[Your instructions] Images are not part of the copy; transcribe all the data exactly.

[Data segment]
■ ■ ■
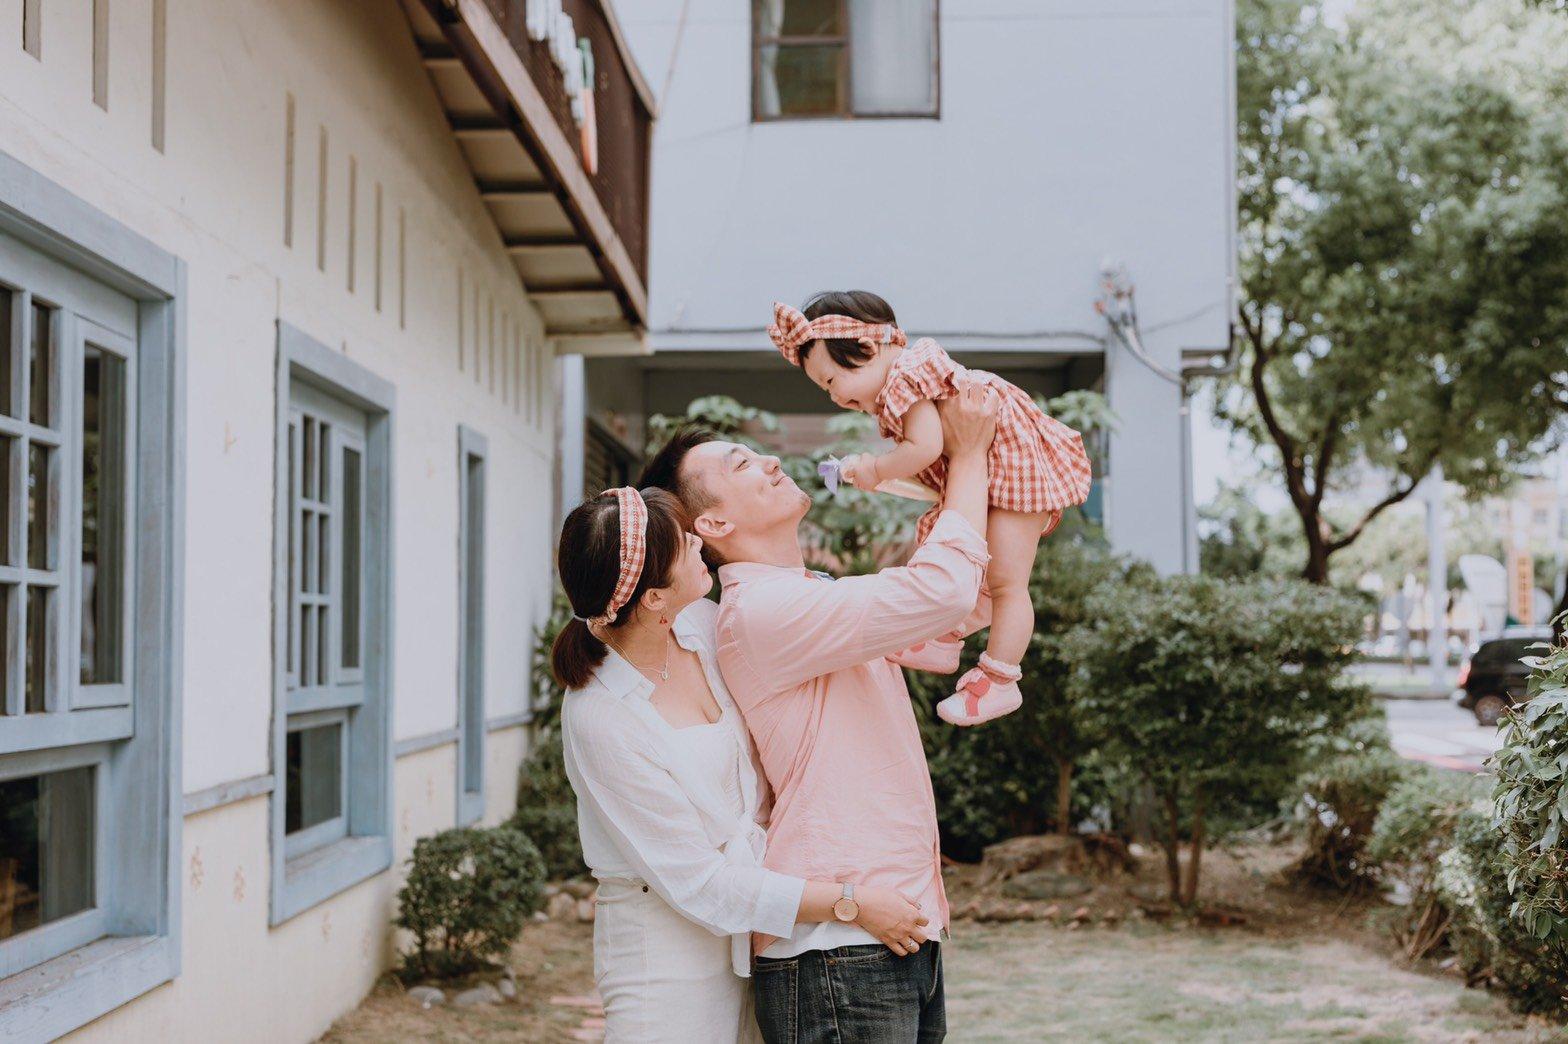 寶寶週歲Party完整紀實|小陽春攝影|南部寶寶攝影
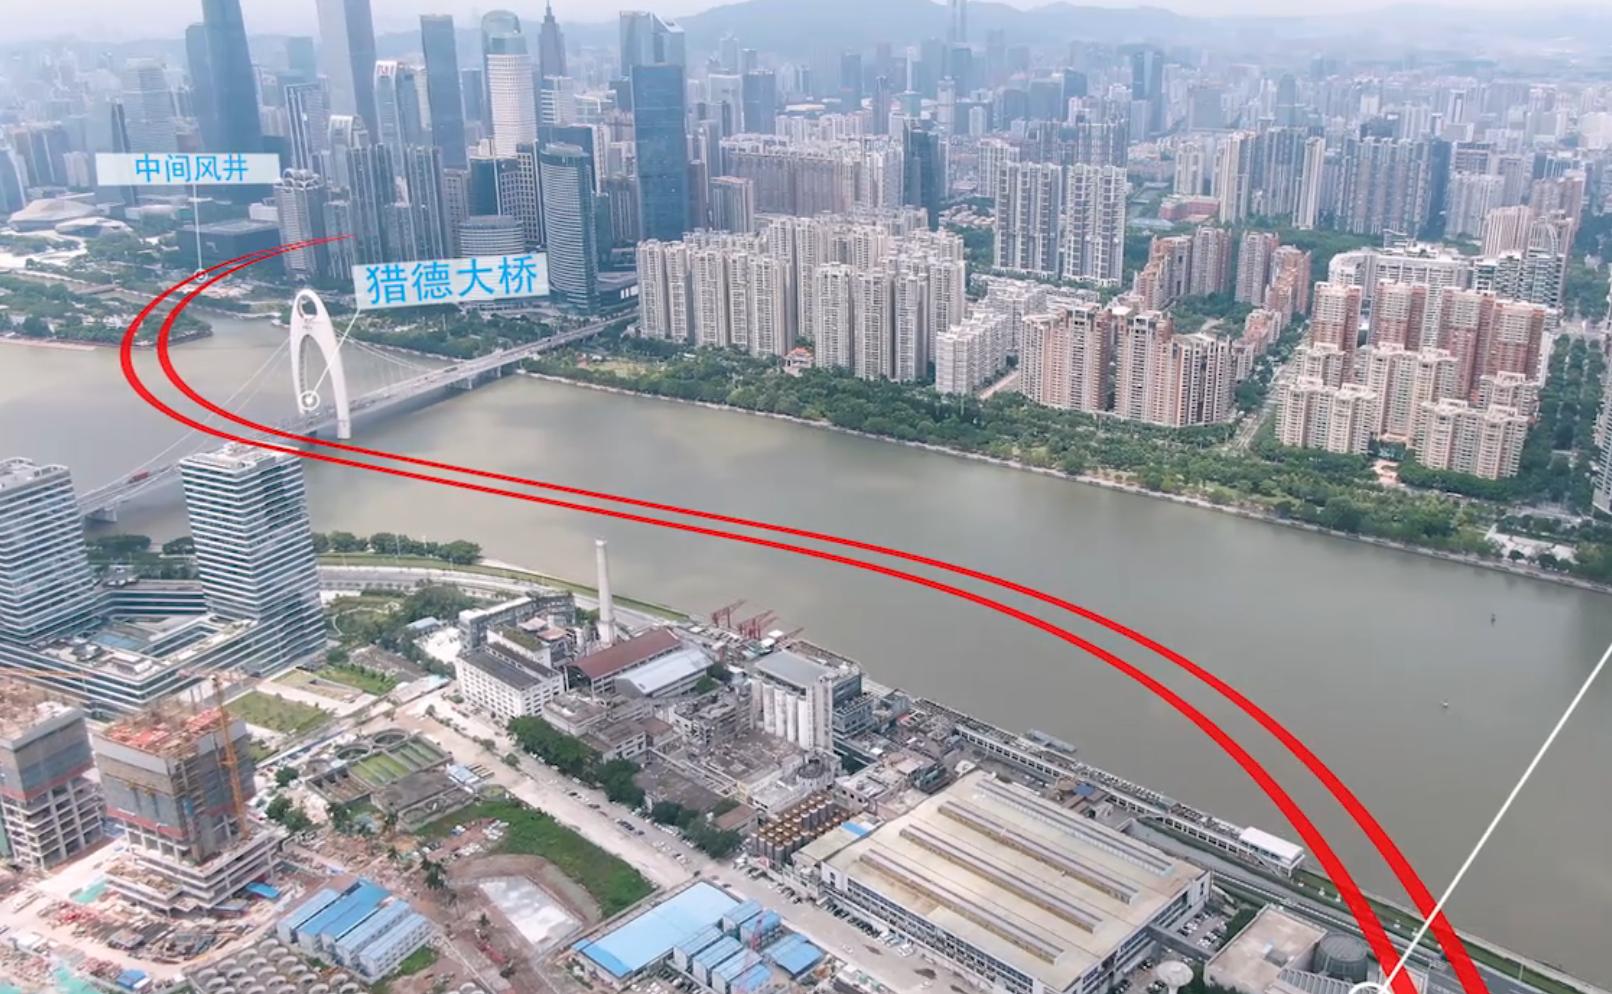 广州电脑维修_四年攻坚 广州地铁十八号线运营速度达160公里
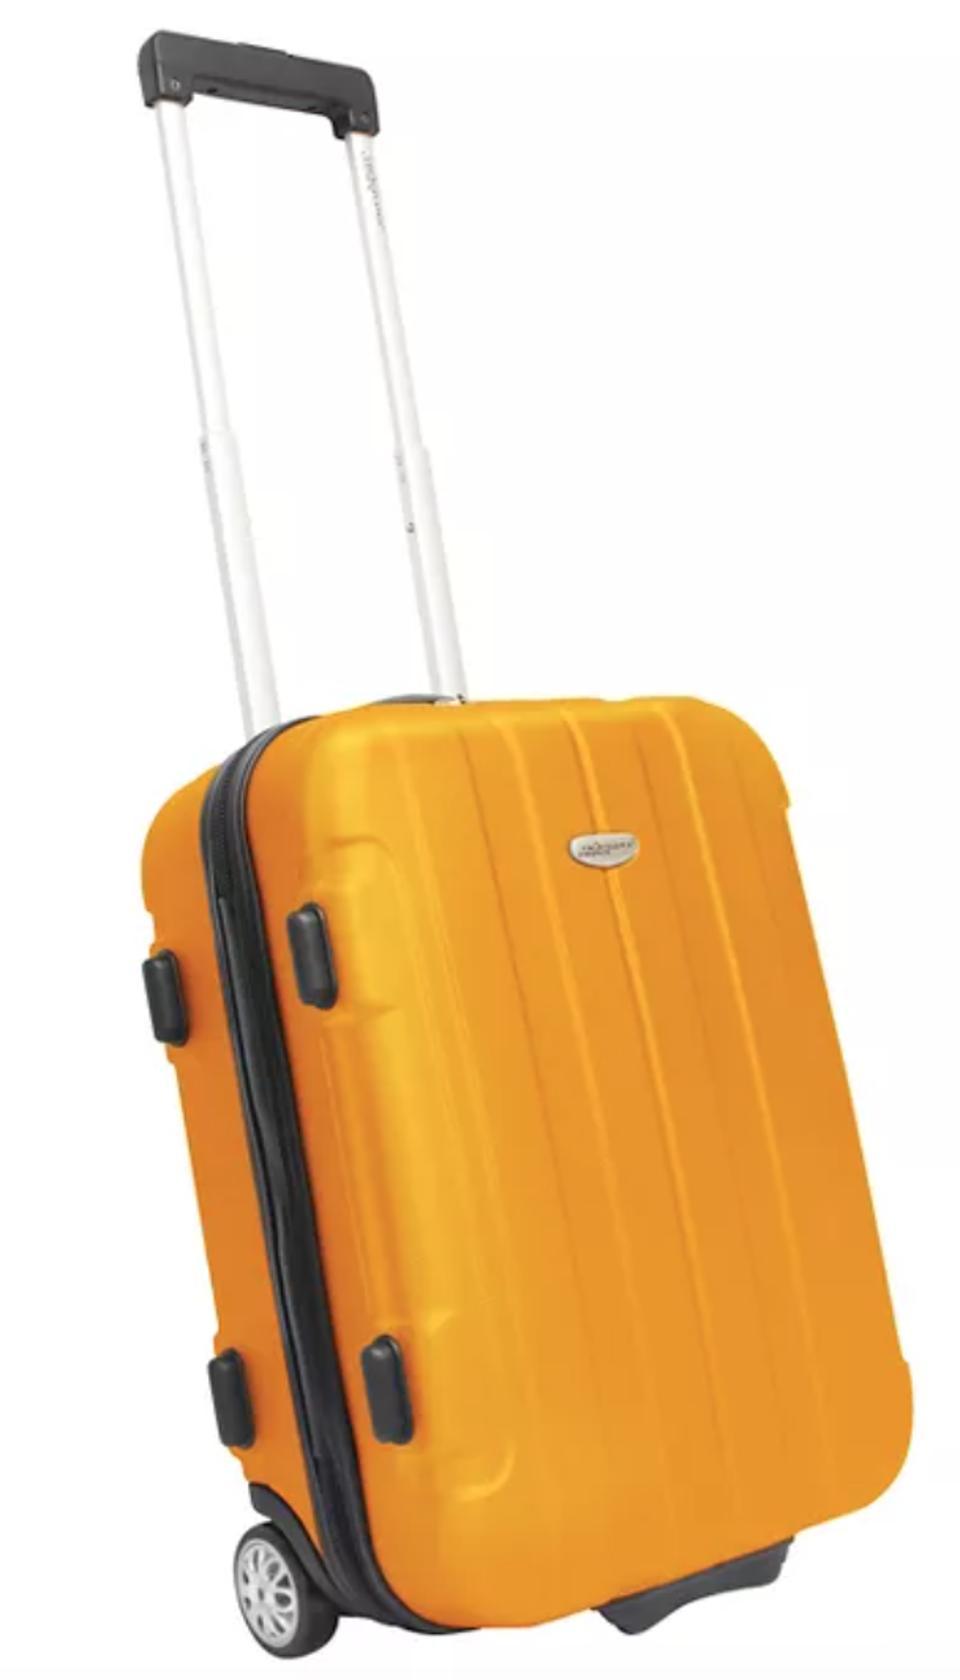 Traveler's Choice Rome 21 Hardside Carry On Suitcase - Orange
■ ■ ■
[Reply]
 寶寶週歲Party完整紀實|小陽春攝影|南部寶寶攝影
 广州电脑维修_四年攻坚 广州地铁十八号线运营速度达160公里
 Traveler's Choice Rome 21 Hardside Carry On Suitcase - Orange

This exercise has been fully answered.